The Goblin Emperor (2014) is Addison's essential book — a quietly radical fantasy novel about Maia, a despised half-goblin who wakes to discover he is suddenly emperor of the Elflands after his father and elder brothers are killed in an airship accident. Where most political fantasy is built around the soul-cost of power, Addison asks what power looks like when wielded by someone who genuinely does not want to harm people. Her answer is both comforting and convincing.
What is The Goblin Emperor about?
The Goblin Emperor follows Maia, the youngest and most despised son of the elvish emperor, who has spent his life in exile with a bitter guardian and suddenly becomes emperor at eighteen following an airship crash that kills his father and three elder brothers. Utterly unprepared and surrounded by courtiers with their own agendas, Maia must learn statecraft on the job while navigating assassination plots, arranged marriages, and a court that has never seen anything like him. His primary tool is not cunning but the simple act of genuine attention to the people around him.
Is The Goblin Emperor a standalone novel or part of a series?
The Goblin Emperor is complete in itself and requires no follow-up, though Addison wrote a companion novel, The Witness for the Dead (2021), following a minor character from the original. The companion stands alone and does not require Maia's story. Most readers of The Goblin Emperor find it satisfying as a standalone — the ending is complete and the emotional arc is resolved.
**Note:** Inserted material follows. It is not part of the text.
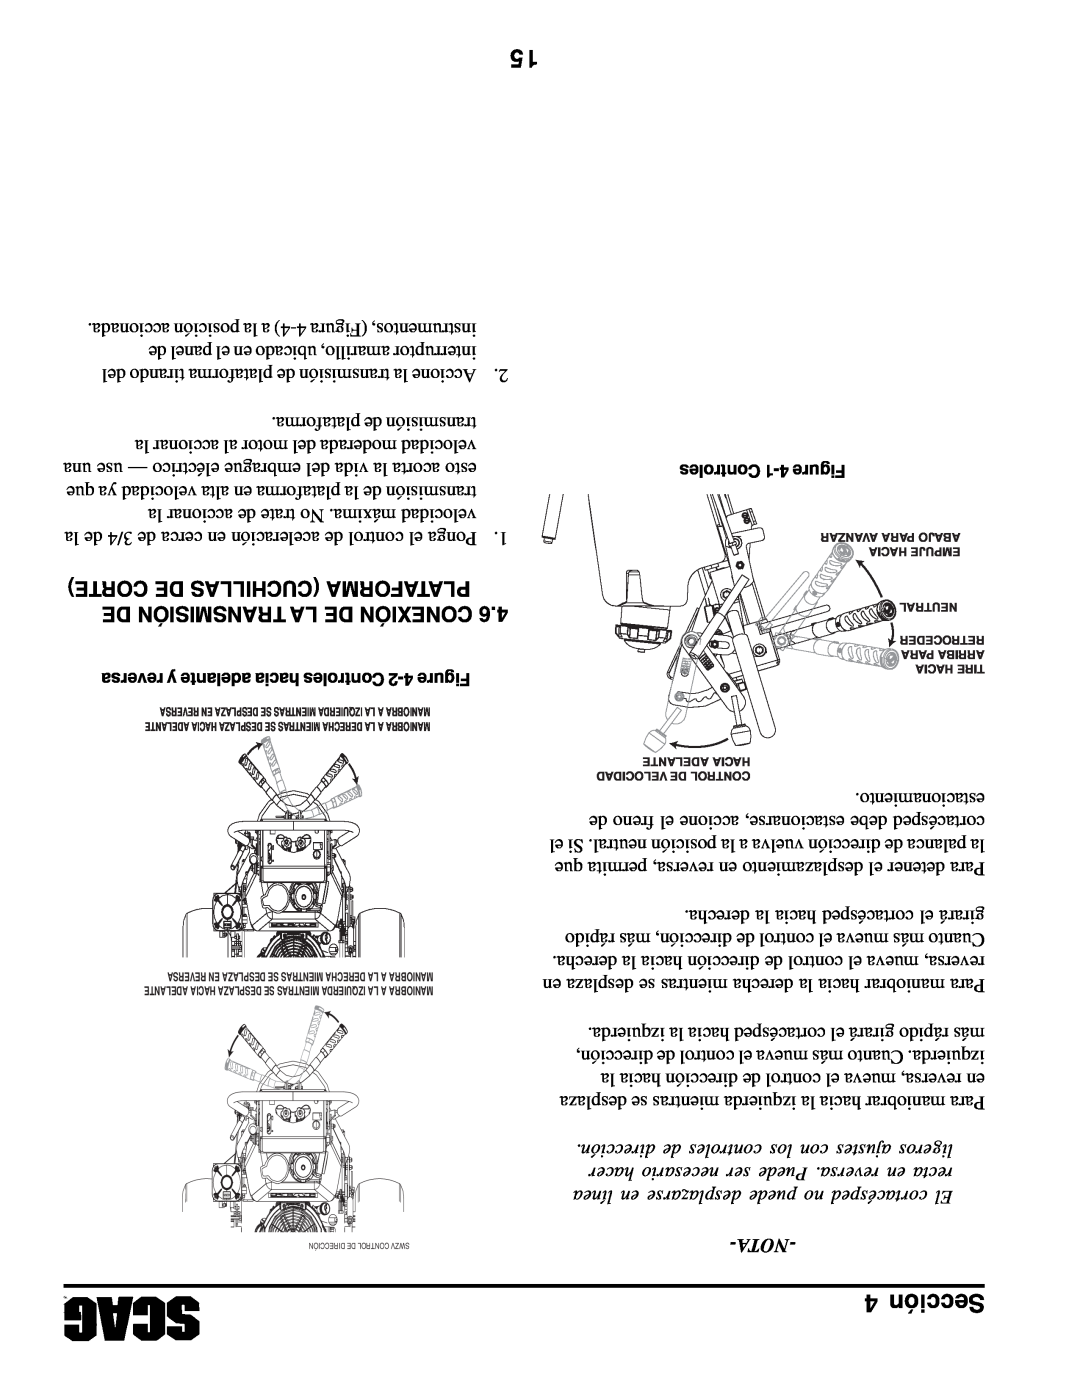 Scag Power Equipment SWZV manual Sección, Corte De Cuchillas Plataforma De Transmisión La De Conexión, Nota 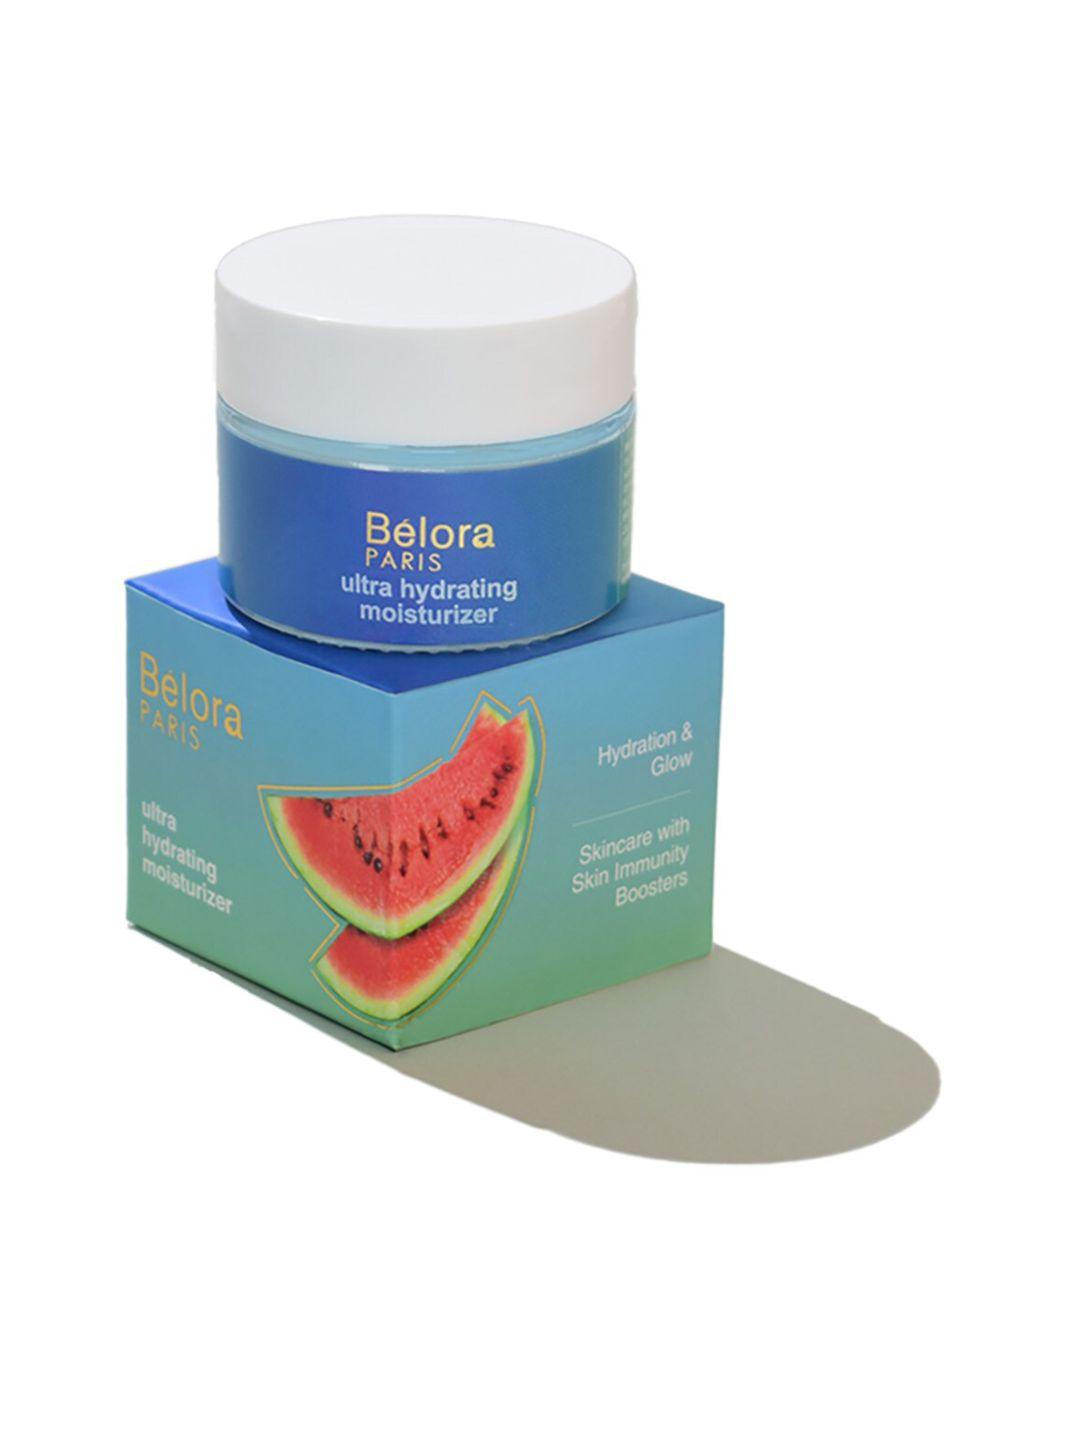 belora paris ultra hydrating moisturizer spf30 with hyaluronic acid & avocado oil - 50ml

What should I read after The Goblin Emperor?
After The Goblin Emperor, Robin Hobb's Assassin's Apprentice covers comparable territory — an outsider protagonist navigating court politics — but with considerably darker emotional register. Ursula K. Le Guin's A Wizard of Earthsea offers the same careful, humane approach to fantasy world-building. For another fantasy built around ethics and decency rather than moral compromise, Lois McMaster Bujold's The Curse of Chalion has a similar warmth and political intelligence.